3. should I change (I am a real newcomer, remember)
If you are a PixInsight user, you'll be using XISF to store your images in a natural way because it is PixInsight's native file format. You should always keep your original XISF files because XISF provides resources that don't exist in other formats. Unfortunately, you'll have to export them in different formats (FITS, TIFF, etc.) to use them with other applications. Hopefully, more applications will adopt XISF in the near future, and we'll work hard for this to happen.
4. when I go to save a file there are seven options of file format to choose from (from 8-bit unsigned integer to 64-bit IEEE 754 floating point).
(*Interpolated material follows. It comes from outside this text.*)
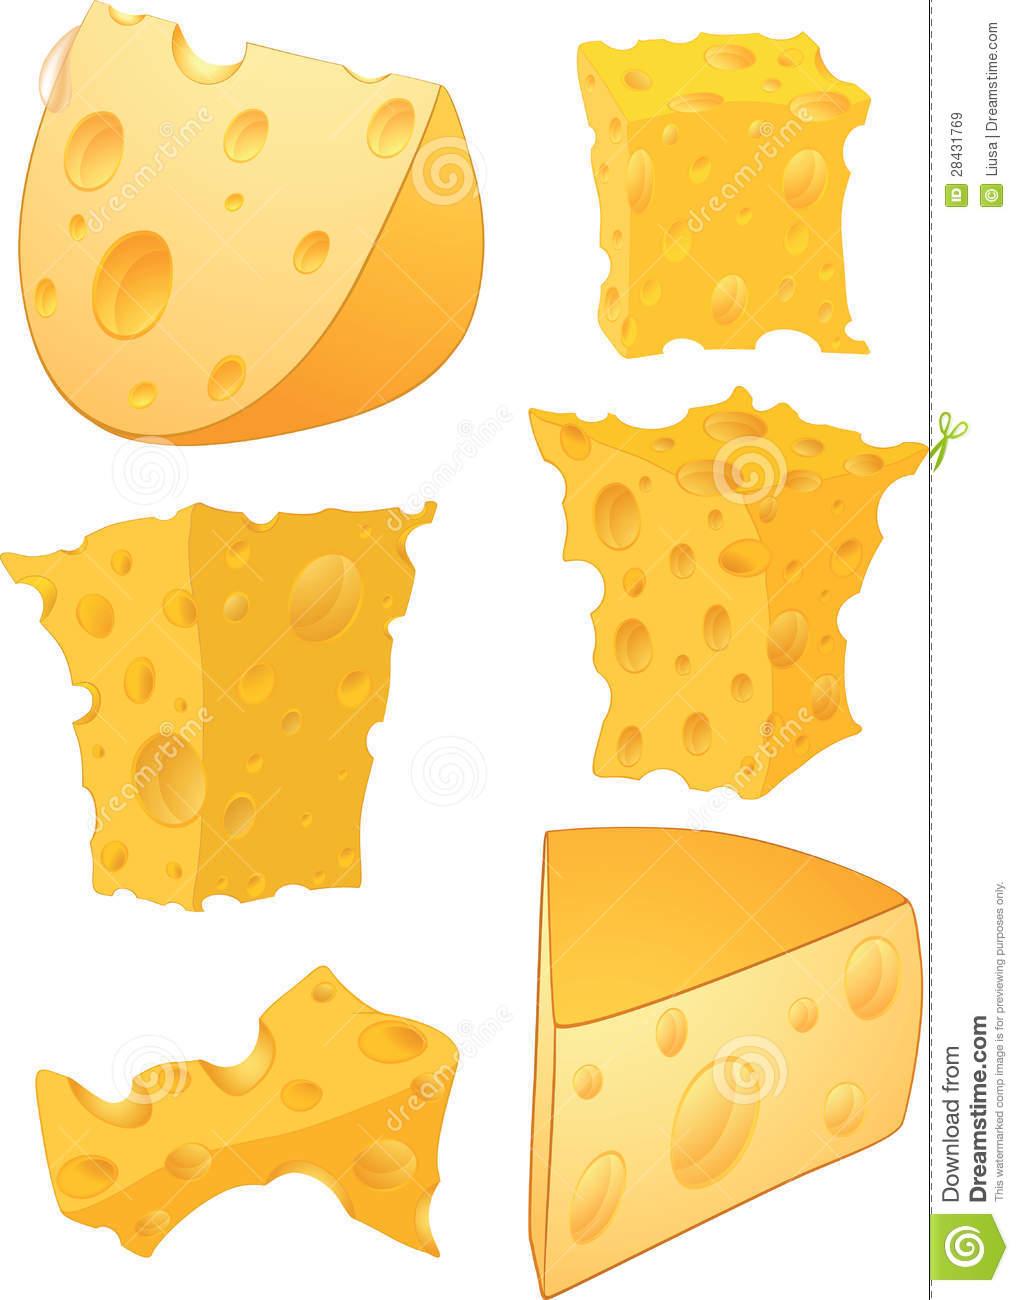 Cheese clipart chese. Clip art panda free

I always choose the default (32-bit IEEE 754 floating point). Is this the correct one to use and if so why all the other options?
The 32-bit floating point format is the most logical option in most cases. The 32-bit unsigned integer and 64-bit floating point formats can be necessary to encode images with very large dynamic ranges, such as very deep linear HDR images generated with our HDRComposition tool. For the rest of images, 32-bit floating point should normally be used.